From my local paper:A quick primer on a confusing situation: Medicare Part A covers hospital care for inpatients. Outpatients, including those on observation status, are covered under Part B. That distinction has generated complaints and controversy for years, as the number of inpatient hospitalizations has declined among Medicare recipients and outpatient stays have become more common.
Why does the classification matter? Outpatients can face higher payments for drugs and coinsurance, but the big-ticket item is nursing home care.
After a hospital discharge, Medicare pays the full cost of skilled nursing for the first 20 days, and most costs up to 100 days — but only for patients who’ve spent three consecutive days as inpatients. Without three inpatient days, patients are on their own.
Basically there is a huge cost savings to Medicare, as well as to the hospital to place you "under observation" when you arrive. Medicare gets away with not having to pay for your skilled nursing stay. The hospital avoids hefty penalties in the event that you need to come back to their hospital if something goes wrong after the surgery ie. an infection where they did the surgery. If they had originally "admitted" you then having you come back would be a second admittance for the same original problem. That triggers the penalty. Placing you originally "under observation" avoids that second admittance penalty trigger.

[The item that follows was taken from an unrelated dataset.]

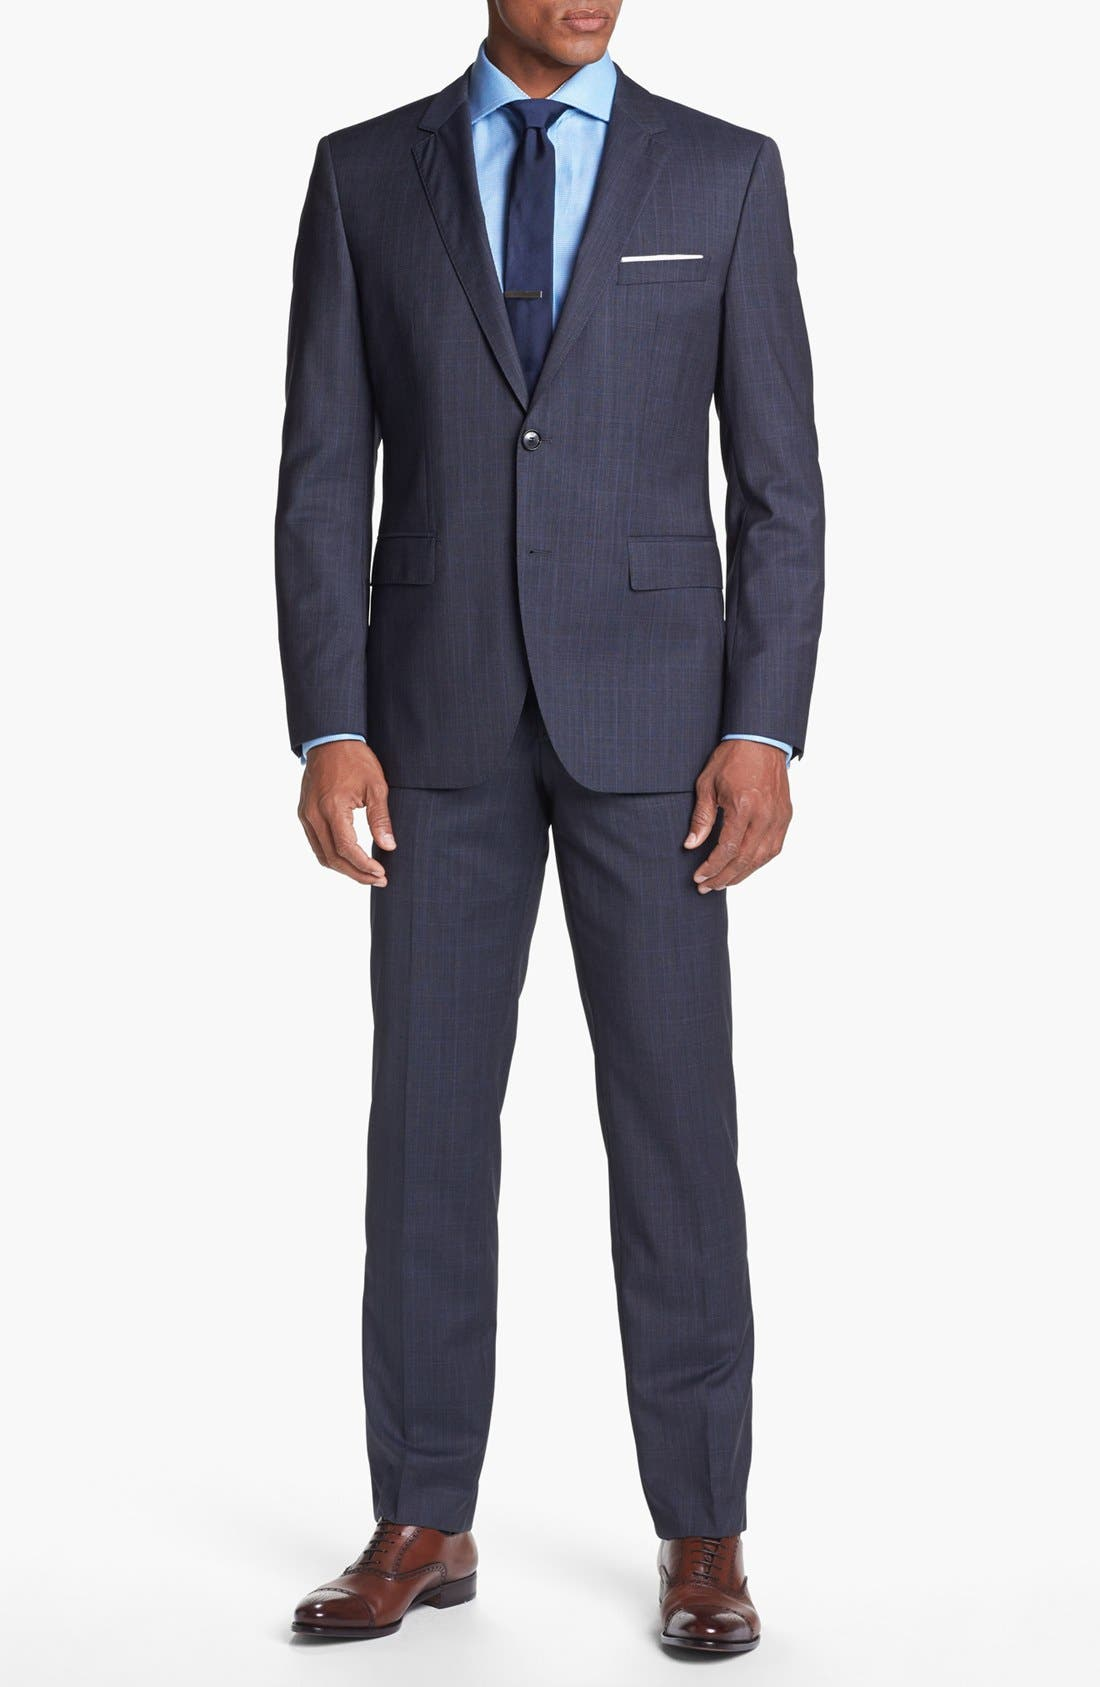 Main Image - BOSS HUGO BOSS 'James/Sharp' Trim Fit Plaid Suit

One thing the article doesn't discuss if how you might be able to challenge and change that original classification when it is first made when you arrive at the hospital. A few years ago listening to a director of nursing give a talk at her skilled nursing facility, I recall that she said first off to make it clear at admittance that you want to be formally admitted to the hospital. If they push back on that then contact your primary care doctor and ask him/her to advocate for you.